Malcolm Ritter Associated Press

Researchers have found the apparent hiding place of a gene that promotes the most common form of diabetes, one that affects 15 million Americans.

Scientists think several genes play a role in susceptibility to type 2 diabetes, but they haven’t identified any gene yet. The location suggested by the new study is the second to be implicated.

Scientists hope the genes will reveal the biology of diabetes and lead to drugs for treatment and prevention.

Type 2 diabetes usually develops in people older than 40; they are treated with diet, exercise, oral drugs and sometimes insulin injections.

Genes lie along microscopic strings called chromosomes, and the new study identifies a piece of a chromosome that appears to harbor a diabetes gene. The region may contain 100 genes or so, which is about a thousandth of the whole human collection, researcher Eric Lander said.

Nobody knows what fraction of type 2 diabetes might be related to the gene, he said in a telephone interview from Finland.

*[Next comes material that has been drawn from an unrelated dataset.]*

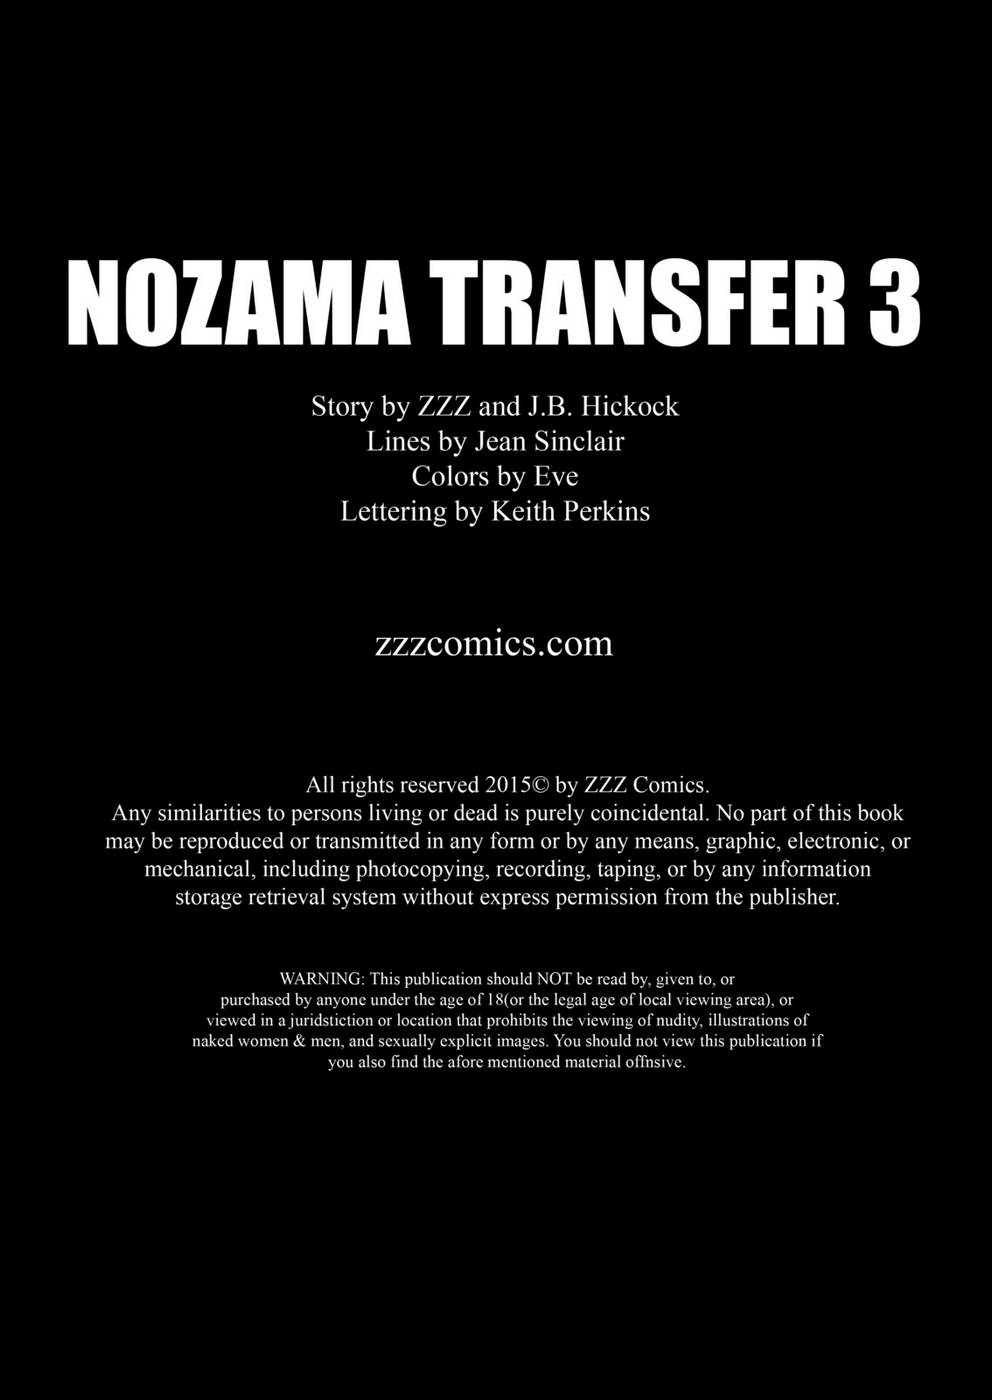 ззз nozama перевод 3

Lander, of the Whitehead Institute for Biomedical Research in Cambridge, Mass., reports the work with colleagues there and elsewhere in the September issue of the journal Nature Genetics.

They studied 217 members of 26 Swedish-speaking families in the Botnia region on Finland’s western coast. The population in the area long has been relatively isolated, which would make a diabetes gene easier to find.

Each of the families had at least three members with type 2 diabetes, for a total of 120 diabetic participants.

Scientists started with a wide-ranging scan of the genes and initially found no clue about the whereabouts of a diabetes gene.

But they got a break after they divided the families by how much insulin family members produced in response to a sugary drink. That test measured one problem seen in type 2 diabetes, which is failing to make enough insulin to control blood-sugar levels. The other problem is failing to respond normally to insulin. In any patient, one or the other defect may be more prominent.

In diabetics with the lowest insulin response to the sugary drink, researchers found evidence that a diabetes gene lurks in a particular stretch of chromosome 12.

That same region contains a gene, not yet identified, for a very rare form of diabetes that resembles type 2 but strikes early, around age 25 on the average. The Finns got the common form much later, at age 58 on the average.

Lander said the result may mean that both forms of the disease are related to the same gene. A mutation that severely cripples the gene may cause the rare, early form of diabetes while a less serious mutation might promote development of the common form, he said.

The notion that one gene could cause the two kinds of diabetes makes sense, although it’s still only speculation, said Graeme Bell of the Howard Hughes Medical Institute at the University of Chicago.

Bell, who reported the apparent whereabouts of another diabetes gene in June, said he suspects that the gene Lander’s team tracked is related to only a small percentage of common diabetes cases.